NOTES TO CONSOLIDATED FINANCIAL STATEMENTS
During 2007 and 2006, the Company retired $6.8 million and $3.3 million, respectively, in property and
equipment that were no longer in use. At the time of retirement, the remaining net book value of these assets was
immaterial and no asset retirement obligations were associated with them.
Property and equipment consist of the following:
December 31,
2007 2006
(In thousands)
Buildings ..................................................... $ 17,781 $ 17,781
Computer equipment ........................................... 116,632 86,001
Software ..................................................... 90,105 68,185
Equipment and furniture ......................................... 27,224 21,453
Leasehold improvements ........................................ 64,188 46,532
Land ........................................................ 9,062 9,062
324,992 249,014
Less accumulated depreciation and amortization ...................... (190,085) (156,434)
$ 134,907 $ 92,580
Long-Lived Assets
The Company reviews for impairment of long-lived assets and certain identifiable intangible assets to be
held and used whenever events or changes in circumstances indicate that the carrying amount of such assets may
not be fully recoverable.
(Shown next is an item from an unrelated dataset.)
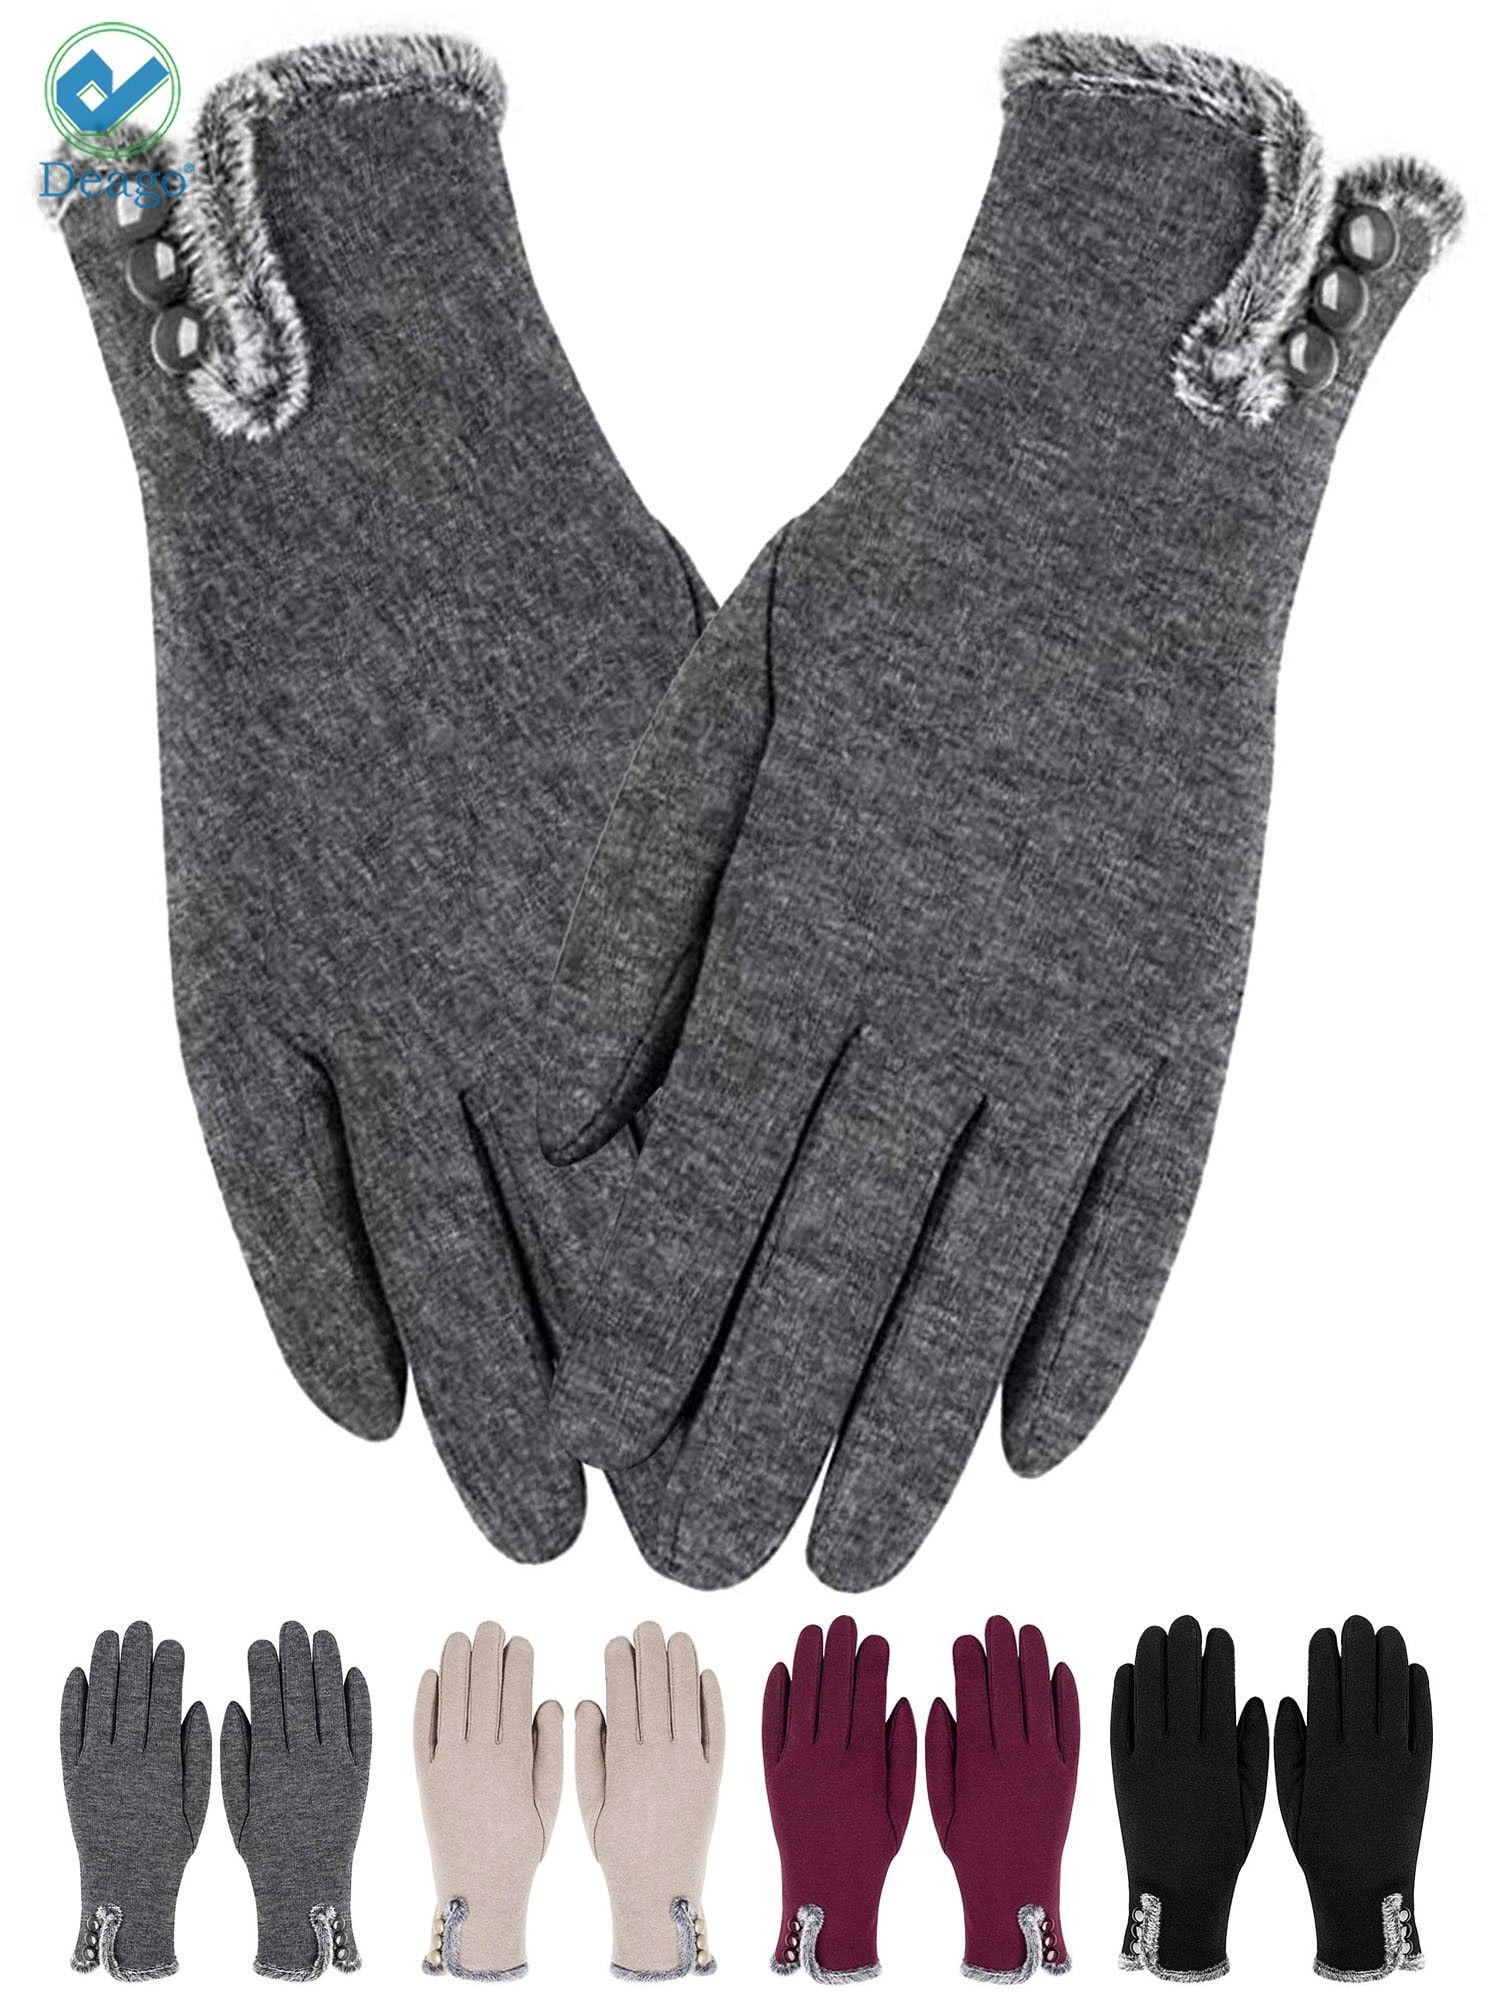 Unisex One Size Fits Most Winter Touch Screen Gloves Thick Windproof

Determination of recoverability is based on an estimate of undiscounted future cash
flows resulting from the use of the asset and its eventual disposition. Measurement of an impairment loss is based
on the fair value of the asset compared to its carrying value. Long-lived assets and certain identifiable intangible
assets to be disposed of are reported at the lower of carrying amount or fair value less costs to sell. During 2007,
2006 and 2005, the Company did not recognize any impairment charges associated with its long-lived or
intangible assets.
Goodwill
The Company accounts for goodwill in accordance with SFAS No. 142, Goodwill and Other Intangible
Assets. SFAS No. 142, requires that goodwill and certain intangible assets are not amortized, but are subject to an
annual impairment test. At December 31, 2007 and 2006, the Company had $888.5 million and $631.7 million of
goodwill, respectively. There was no impairment of goodwill as a result of the annual impairment tests
completed during the fourth quarters of 2007 and 2006. Excluding goodwill, the Company has no intangible
assets deemed to have indefinite lives. Substantially all of the Company’s goodwill at December 31, 2007 and
December 31, 2006 was associated with the Americas and Online Services reportable segments. See Note 3 for
acquisitions and Note 12 for segment information.
Intangible Assets
The Company has intangible assets with finite lives that are recorded at cost, less accumulated amortization.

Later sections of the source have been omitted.